Then it is really just a matter of what speaks to me, either through shape, color, pattern, or representation. If it is the shape that I like, I will make a mold of the object to use over and over again, like the teapots, cups, and some of the bottles from ”Hung.” In a piece like “Nesting” or “Abide” I’ve used the color and pattern from thrift store teacups. I like how a viewer can make their own associations with the objects, and I use found objects and forms to allow for those possibilities.


Detail view from Craig Clifford's "Hung"

RB: “Hung” includes casts of forty-eight different types of bottles which have other objects pressed into them. Can you talk about why you feel the bottle form is important, and why you are using it? How do you choose which objects to press into the form?

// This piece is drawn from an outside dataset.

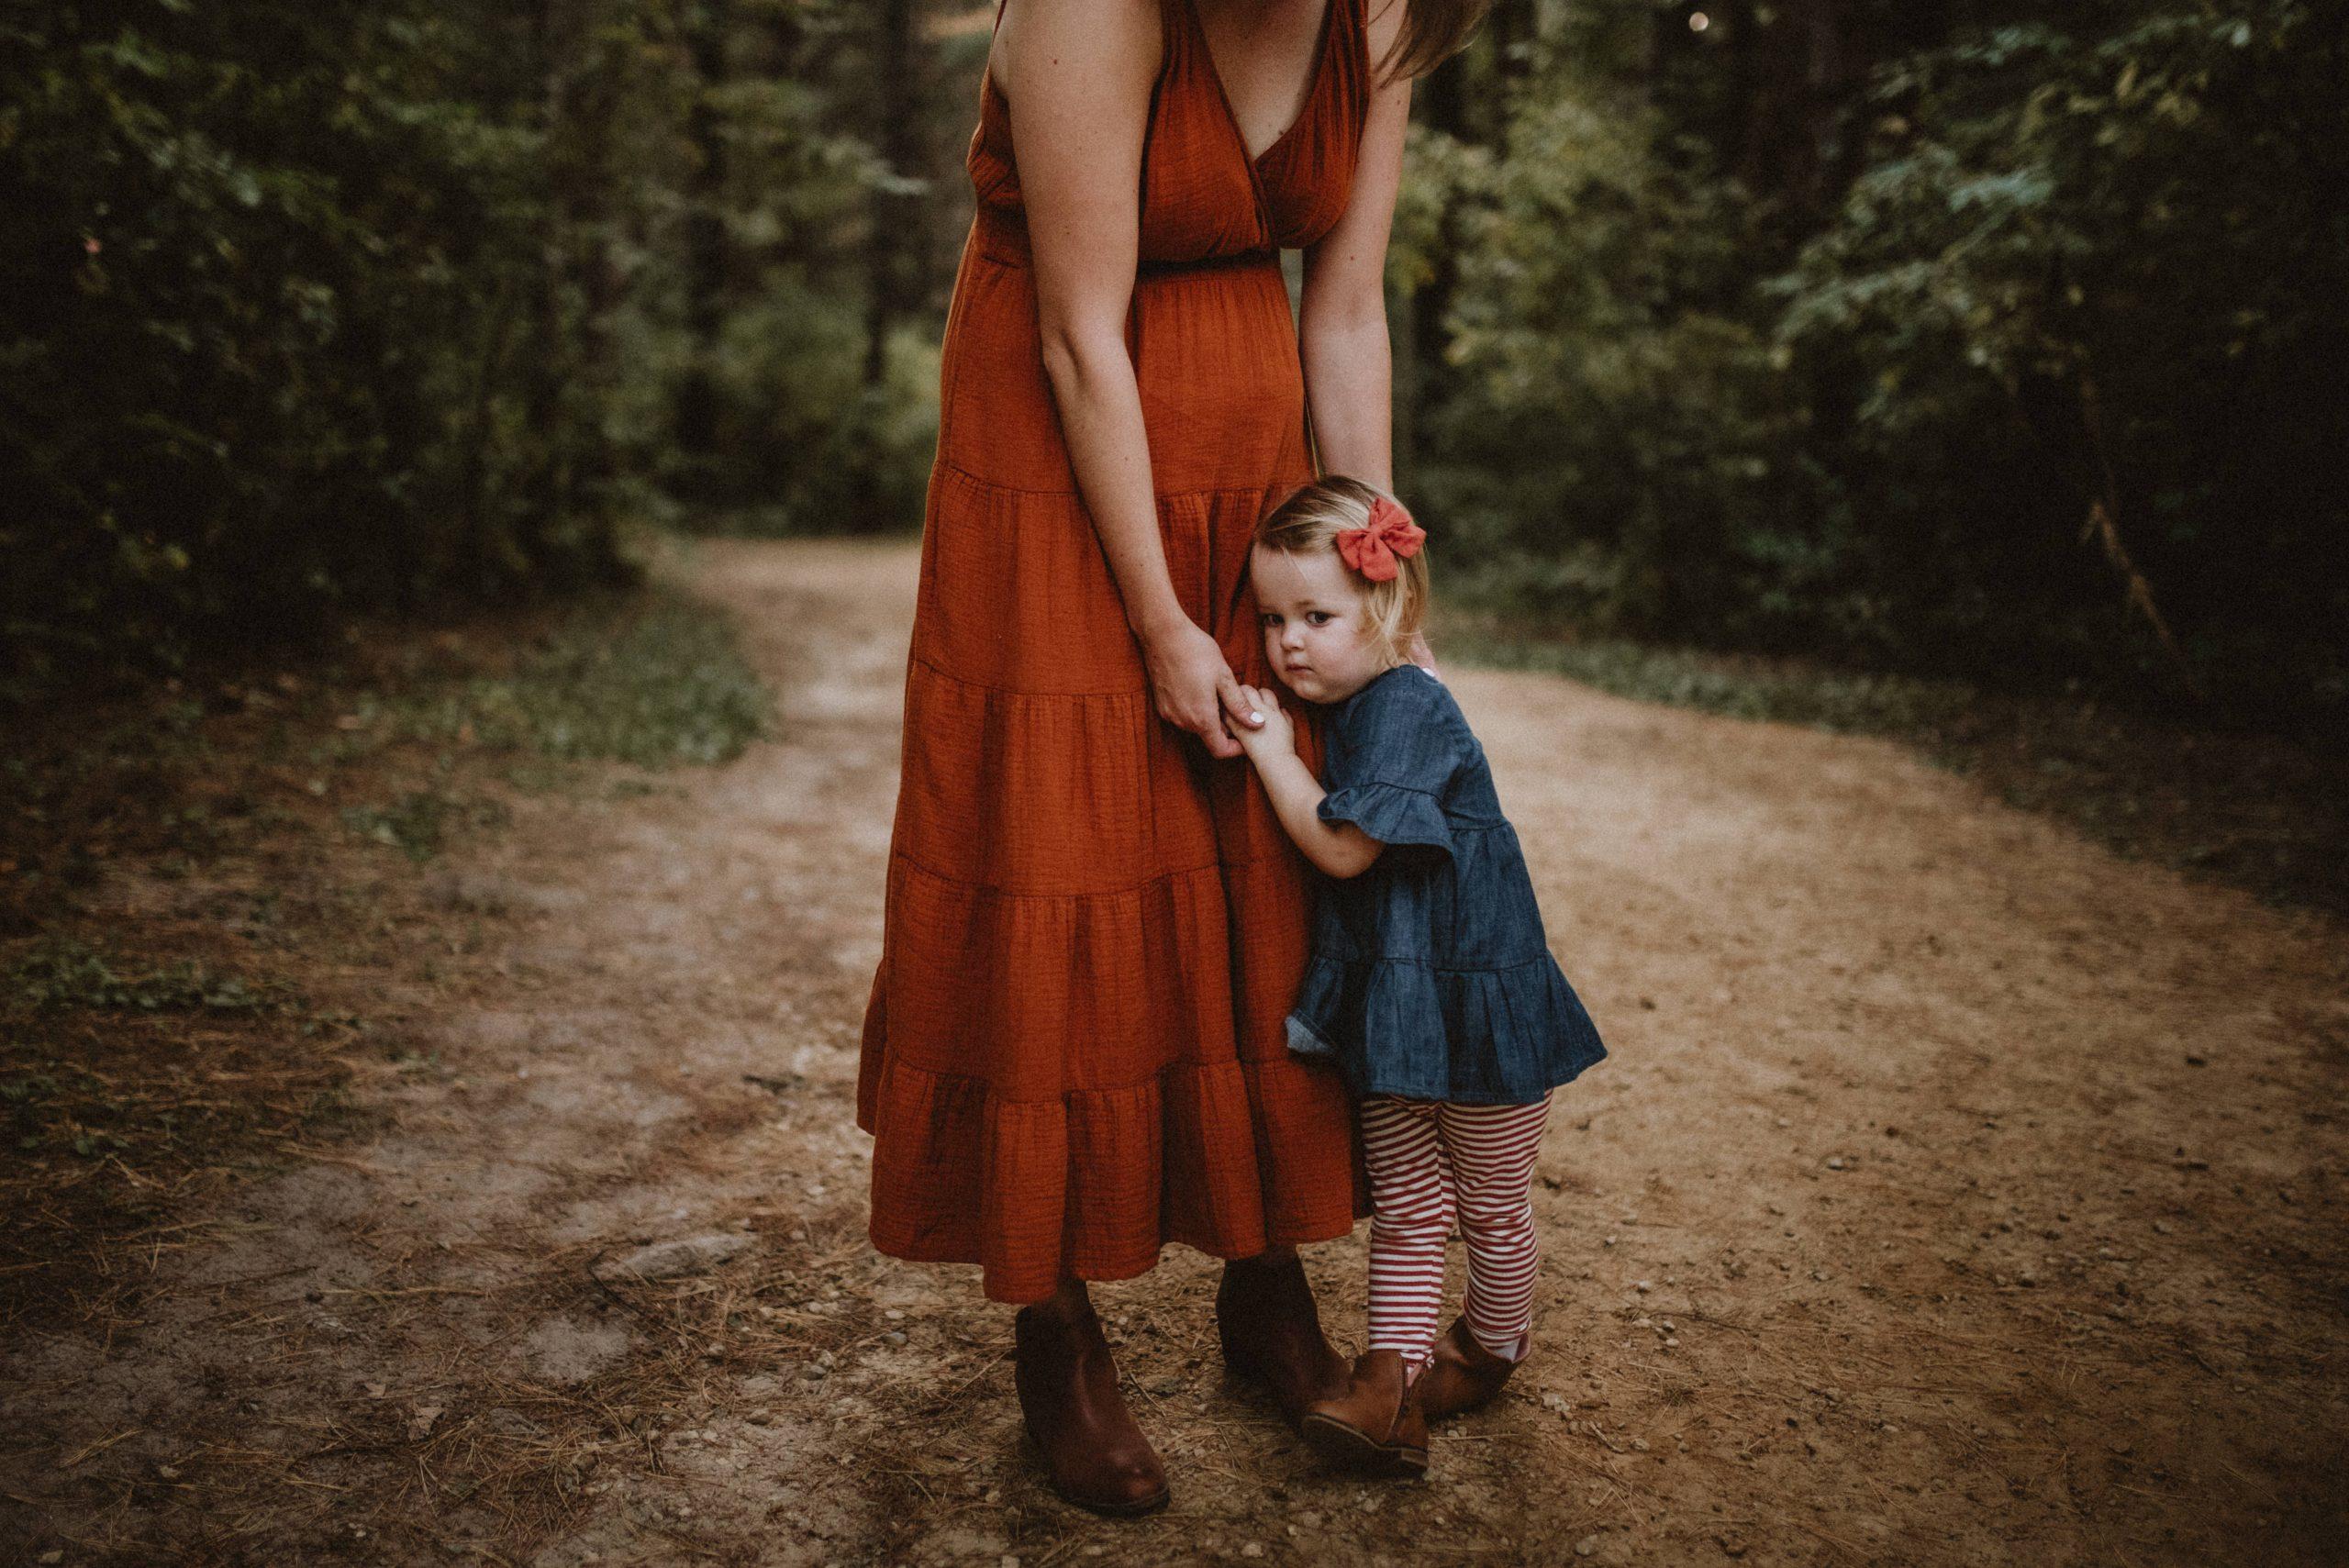 Little girl hugging her mom's legs in forest

CC: I became interested in the bottle form during an artist residency at The Archie Bray Foundation in Helena, Montana. It was the first time in many years that I was around a lot of really good potters, and looking at their work a lot I began to think about pottery forms. Originally, many of these forms came from natural fruits or gourds, but these origins have been lost to us. But if I take a Gatorade or Coke bottle and abstract it with all of the imagery, people can still identify it through its form. The imagery that I press into each bottle is picked either because it’s recognizable, creates an interesting pattern, or has deep grooves to capture and pool glaze. “Hung” is a piece that I plan on ever expanding; ultimately I would like it to take up a whole wall. As the piece grows, teapots, cups, and other objects will become part of it. 

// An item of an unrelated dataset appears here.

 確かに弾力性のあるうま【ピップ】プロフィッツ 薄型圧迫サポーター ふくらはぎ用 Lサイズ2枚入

Two of Craig Clifford's teapot sets

RB: Lastly, can you talk about your process? How have you come to use so many different elements in your  work, and how do the pieces develop?

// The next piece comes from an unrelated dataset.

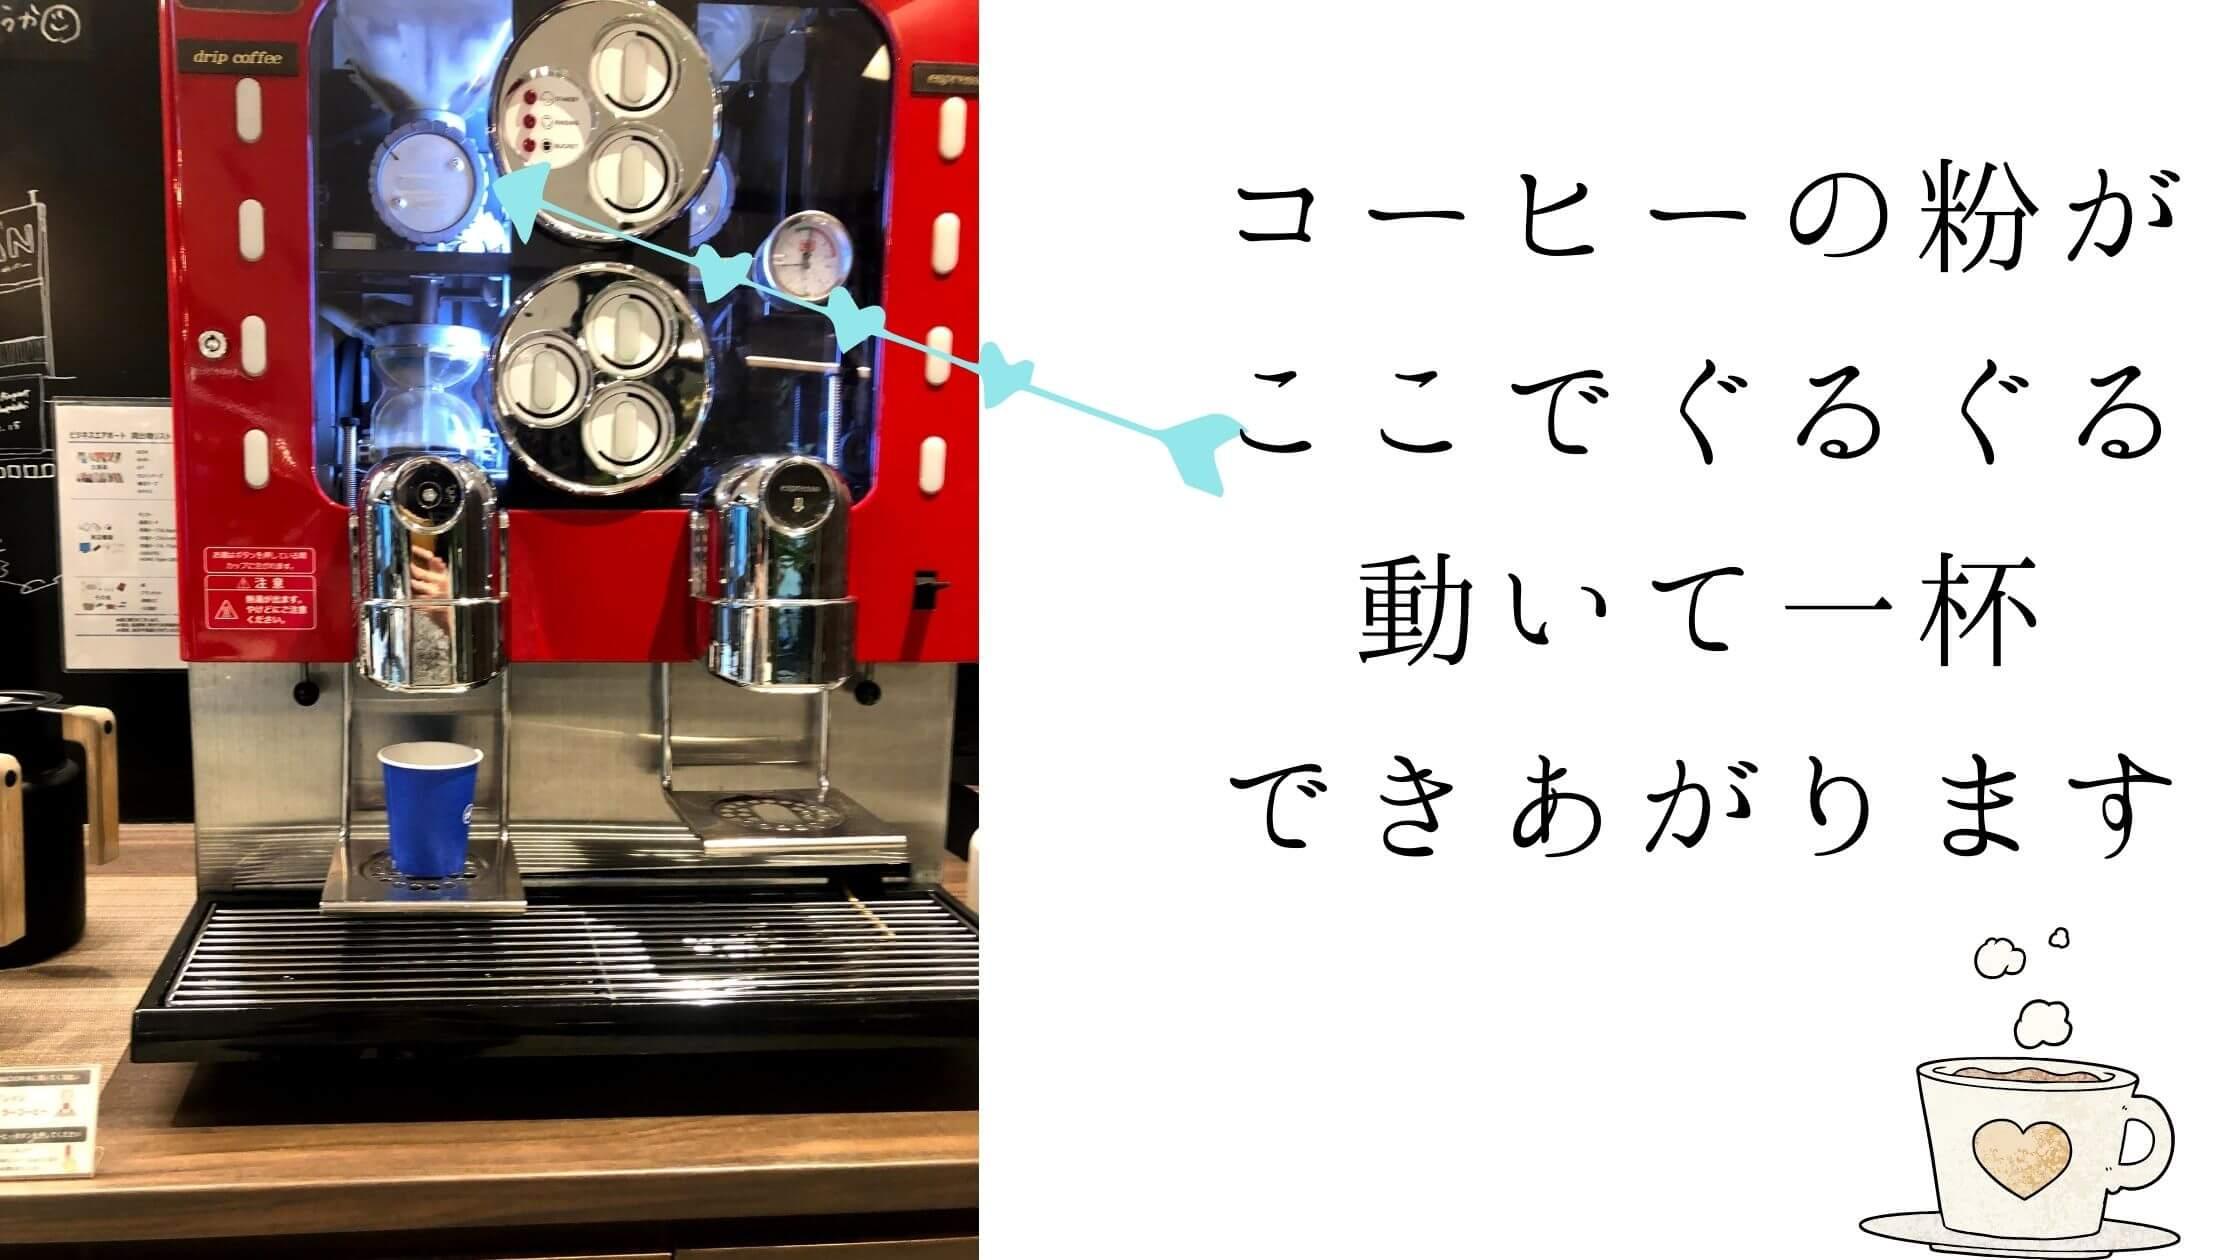 ビジネスエアポート渋谷南平台の素敵なコーヒーマシーン

CC: I may know I am making a ‘teapot set’ and have a general idea of how it might go, but I will also intend to let things happen in the process. In a sense, I use the concept or conceptual framework of the vessel as a format for a kind of improvisation. This is also true of the pieces I place within a bell jar. The concept gives me a set of constraints to work within, but within those constraints I can let things happen with form, surface, image, and shape. While I am working on a piece or just about to finish one, I start thinking “What would happen if I had done it another way?  Or added this part instead of that one?”  I get excited during the process of making and that is really where my ideas are generated. 

The other elements are filtered in from the real world, pop culture, thrift stores, or other artists. All of the imagery in my pieces comes from molds, and while I do make my own, I prefer mass-produced commercial molds. I get most of my molds for free.  People have hundreds of them left from old ceramic businesses, or perhaps from a relative; they don’t want to throw the molds away, but they also can’t sell them. The molds are big and take up a lot of space. Either I see an ad on Craigslist or a friend of a friend contacts me. When I get the molds and start to see the objects in them, ideas begin to form.


Craig Clifford working in the studio, several molds are in the foreground

Contributors

Rachel Bruya is an artist who also writes.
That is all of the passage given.